_Task details_
Each line starting at the one that contains "The Royal Canadian" and ending at the one that contains "Marvel Legends Gear" must be returned exactly, and the rest of the listing is left out.

_Entries provided_
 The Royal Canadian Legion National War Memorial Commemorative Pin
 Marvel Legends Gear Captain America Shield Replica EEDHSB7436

---

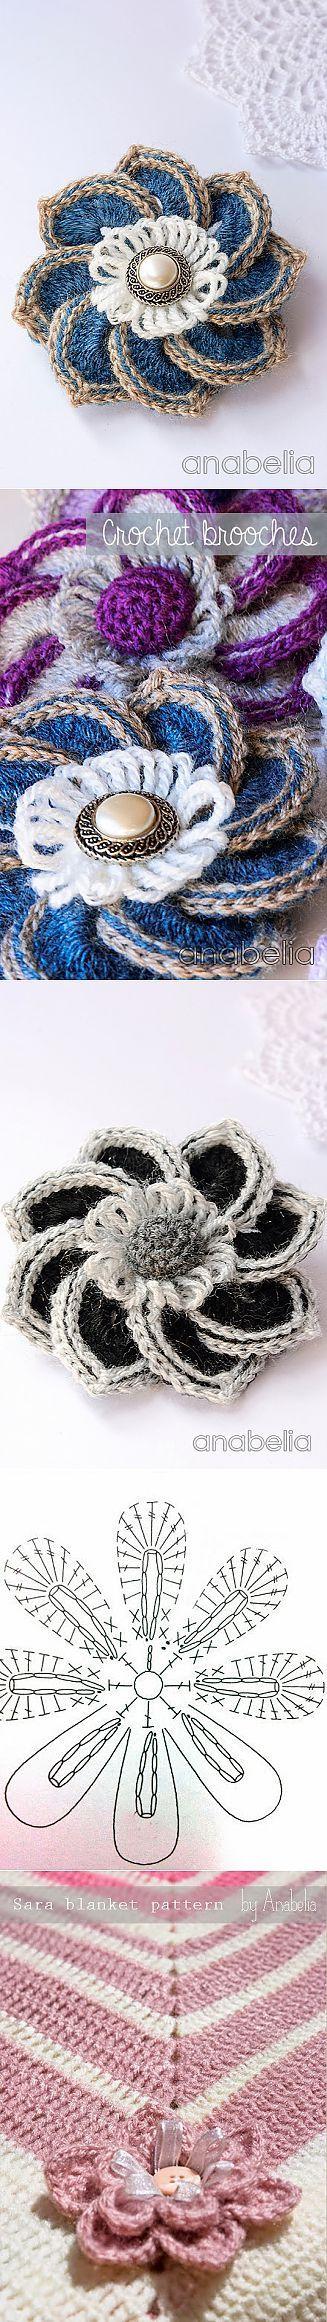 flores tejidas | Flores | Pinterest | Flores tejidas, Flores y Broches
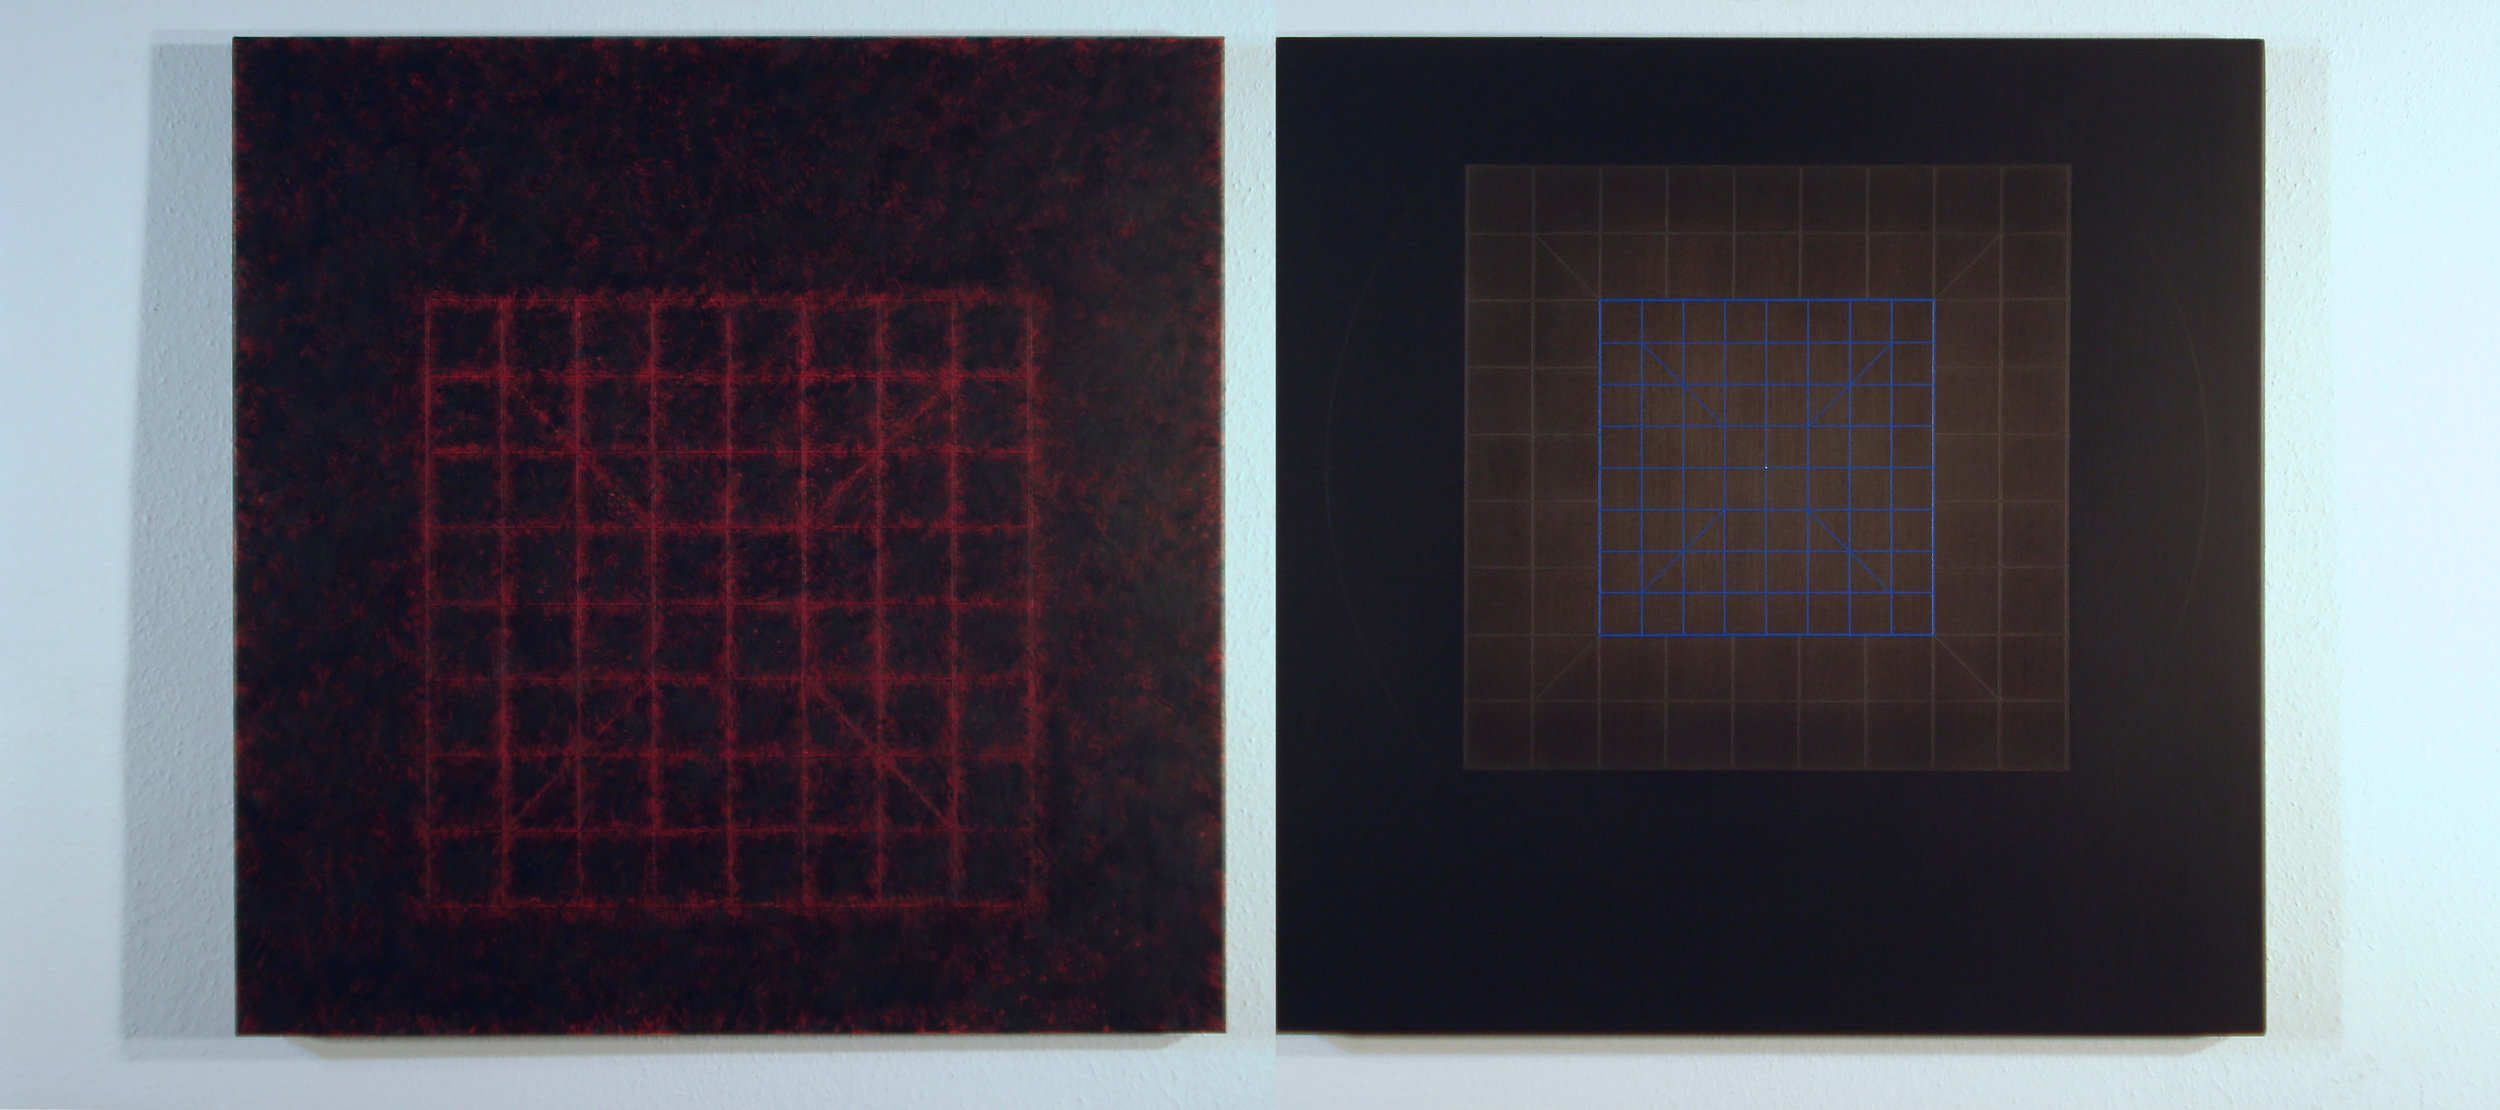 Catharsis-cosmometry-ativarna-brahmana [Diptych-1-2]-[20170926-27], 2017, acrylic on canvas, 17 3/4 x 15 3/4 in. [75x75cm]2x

_Solution to the exercise_
 The Royal Canadian Legion National War Memorial Commemorative Pin
 Marvel Legends Gear Captain America Shield Replica EEDHSB7436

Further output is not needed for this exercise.